Law enforcement agents, lawyers, and archaeologists have warned that cultural heritage is being used as a terrorist financing tool and weapon of war throughout Middle East, North Africa, and beyond. Moreover, the problem will not go away with the recent defeats suffered by Daesh (ISIS), and may in fact be entering a dangerous new phase.

Protecting cultural heritage - looted antiquities

“It’s business as usual,” said Dr. Amr al-Azm, a Syrian archaeologist, describing the region’s trade in conflict antiquities. While looters may have changed allegiances from Daesh to other armed forces, an active traffic continues, and will not stop with the recent liberation of Raqqa by Syrian Democratic Forces. Dr. Amr al-Azm is  a Board Member at The Day After Project, an Antiquities Coalition partner, which is working to support democratic transition in Syria.

He and other leading experts were speaking at “Preserving Cultural Heritage in Times of Conflict,” a three-day conference held at Colgate University to explore diplomatic, policy, and legal solutions to the current crisis. The United States has an important role to play in this fight, according to organizer Dr. Michael Danti, who served on the Antiquities Coalition’s #CultureUnderThreat Task Force. “The art market is the largest lawful unregulated market,” said Danti, and it is centered in New York.

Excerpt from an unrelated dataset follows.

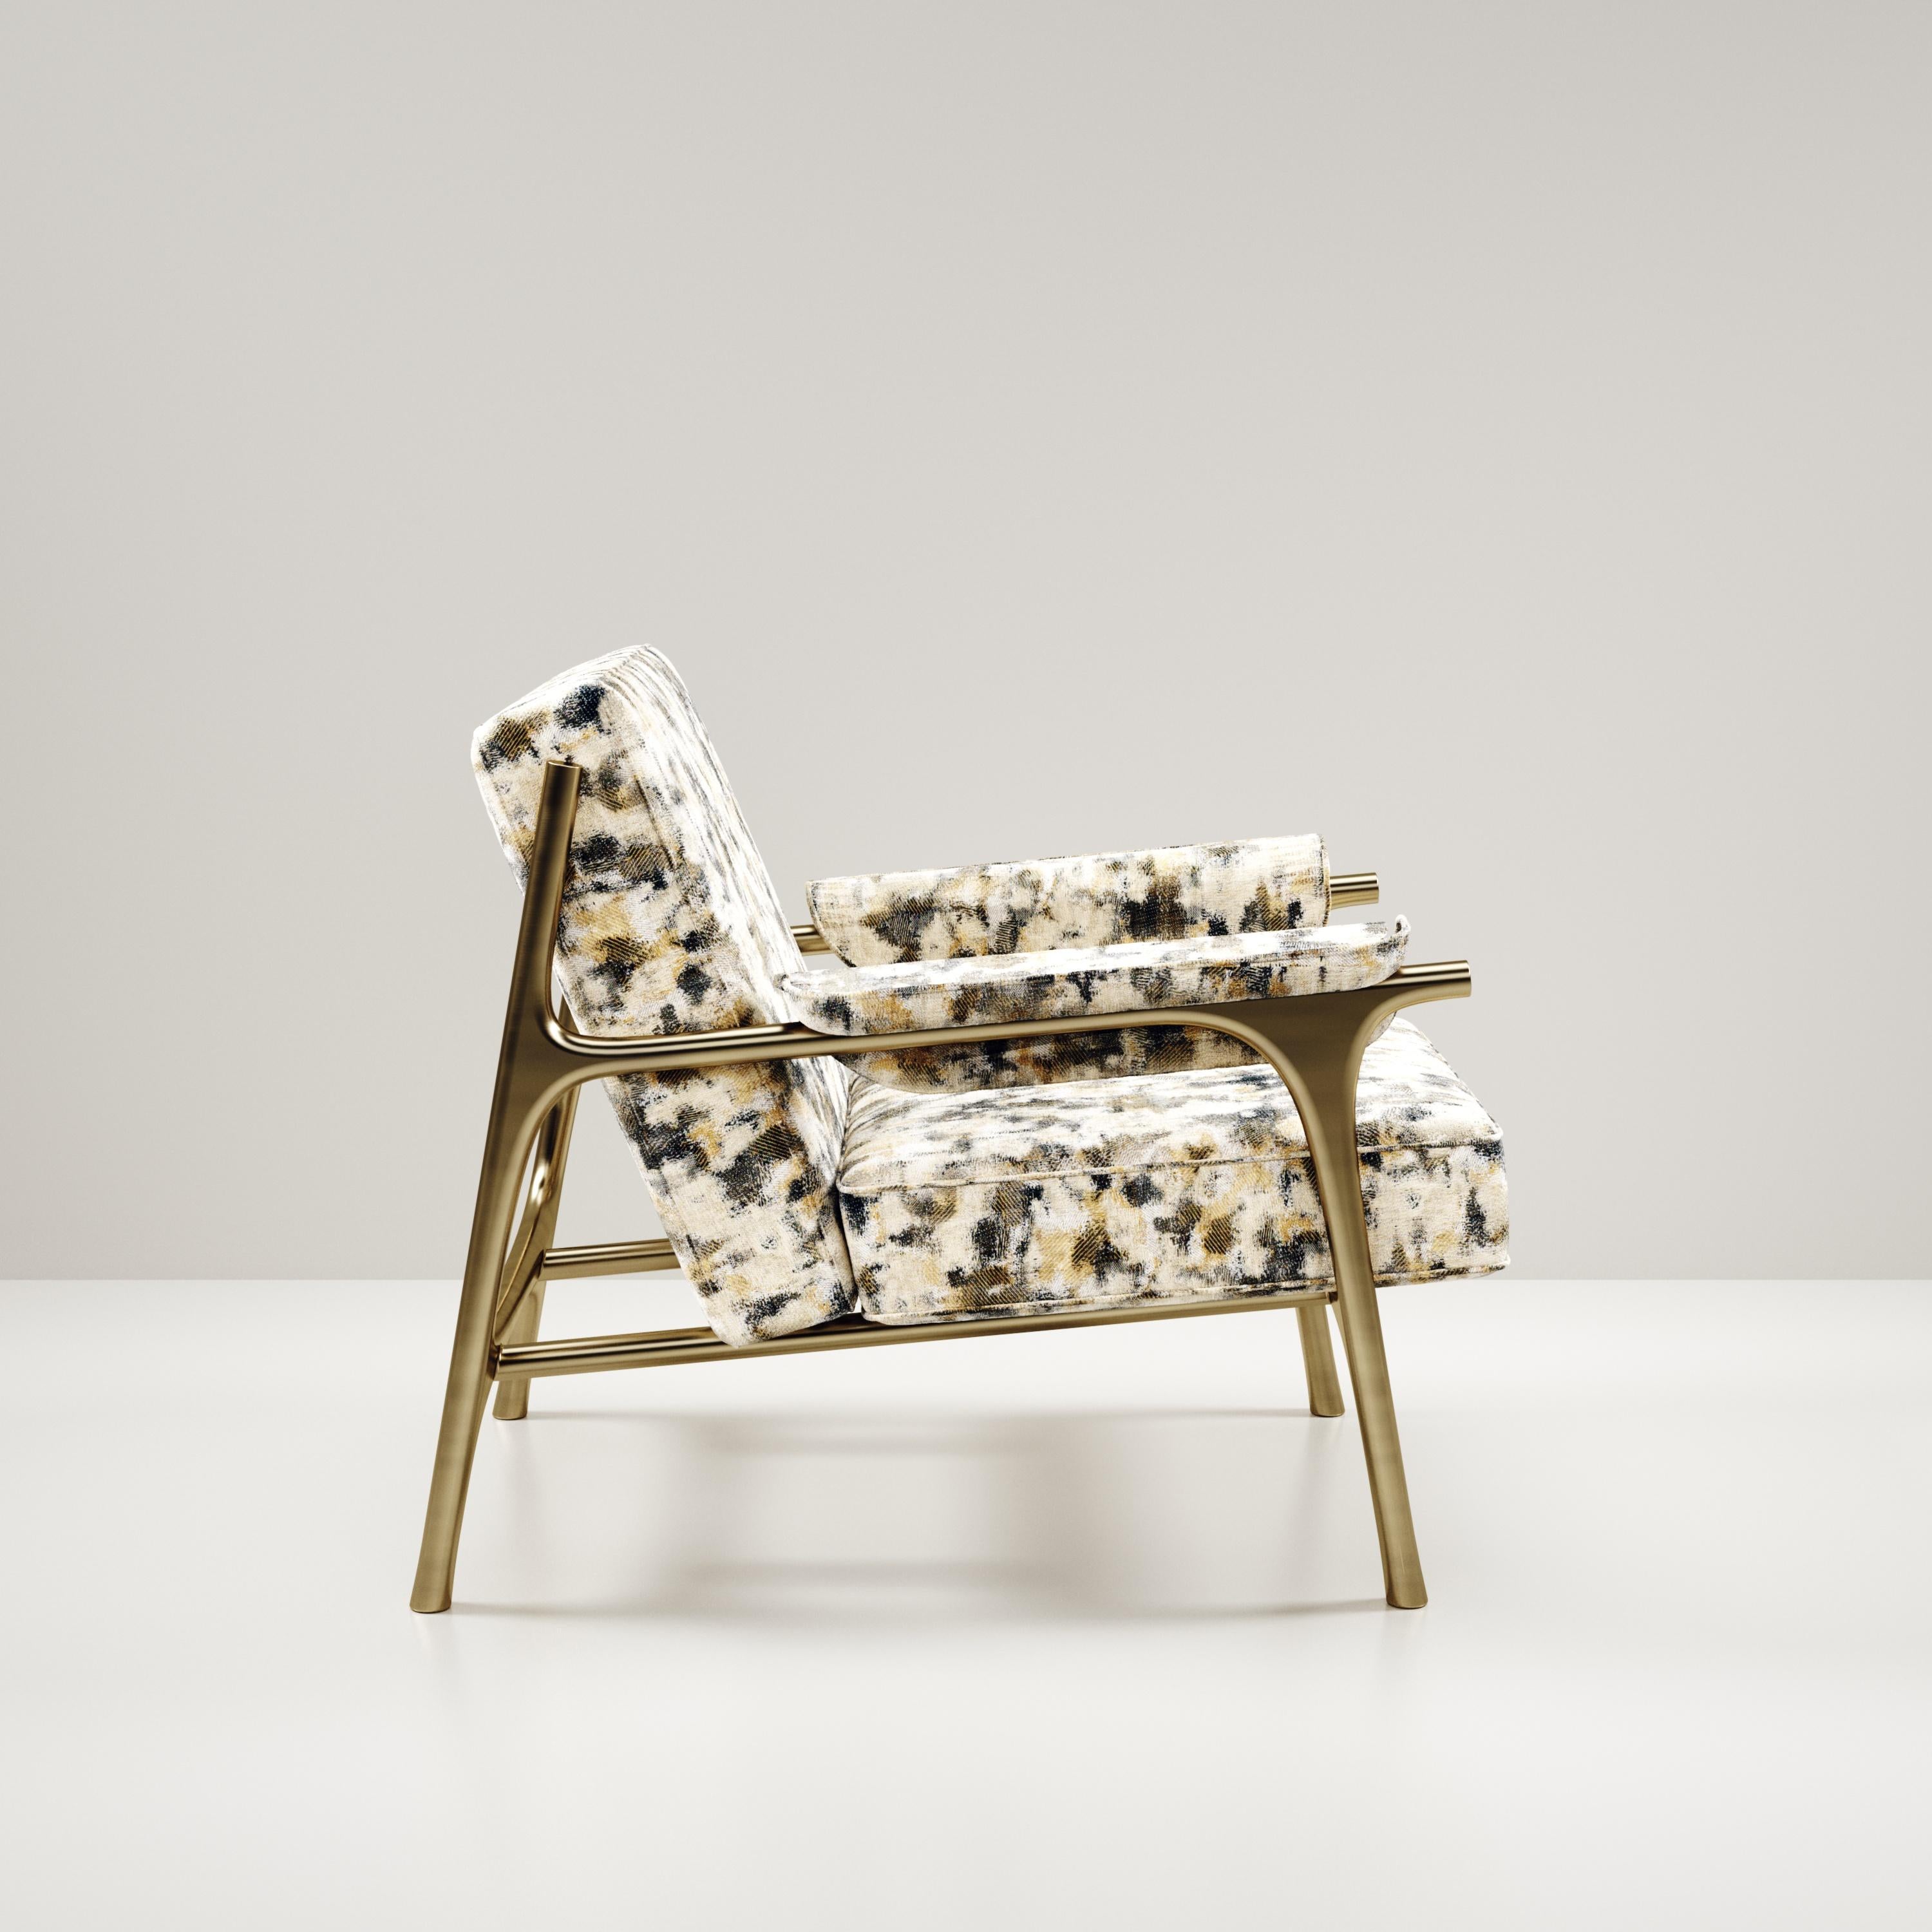 Le fauteuil Ramo de R & Y Augousti est une pièce élégante et polyvalente. La pièce rembourrée en tissu Pierre Frey camouflage offre un confort tout en conservant une esthétique unique avec le cadre et les détails en laiton bronze-patiné. Le prix de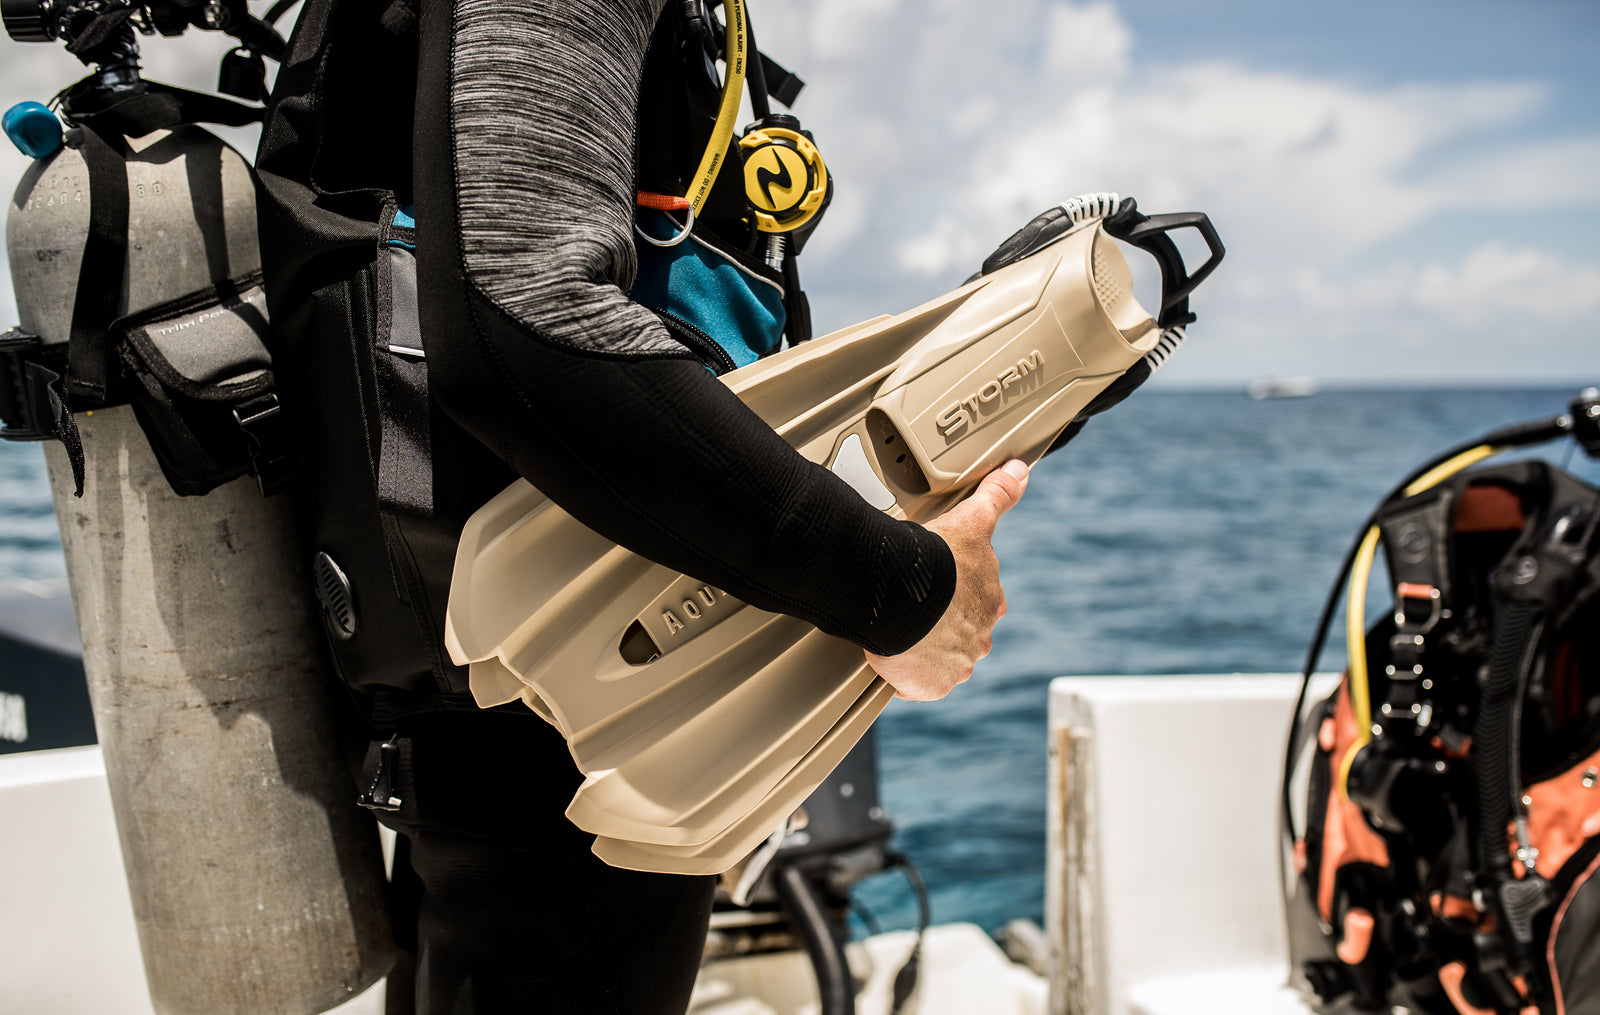 En nybegynner guide til komplett dykkerutstyr

By closing the American art market to so-called “blood antiquities,” the United States can do much to shut down the global traffic.

Protecting cultural heritage - palmyra

“Our laws and policy toward cultural racketeering are failing Iraq and Syria,” said Tess Davis, Executive Director of the Antiquities Coalition, who noted that the international community has not learned lessons from the Cambodian Civil War and other earlier conflicts. She called on all countries to shut their borders to cultural objects from all countries in crisis—not just Iraq and Syria—but also Afghanistan, Libya, and Yemen. She additionally urged the international community to incorporate cultural heritage preservation into all peacekeeping mandates and training, as well as post-conflict planning and recovery trust funds, and to prosecute crimes against culture along with other atrocity crimes.  

Dr. al-Azm directly addressed those who claimed heritage should not be prioritized during conflict, given the immense humanitarian crisis, saying the two issues were interconnected. “People without their history, without their culture, are lost,” he said. “You have people on both sides of the conflict risking their lives to save this heritage at risk. Because this is not just saving the past, it is about saving the future for Syria, too.”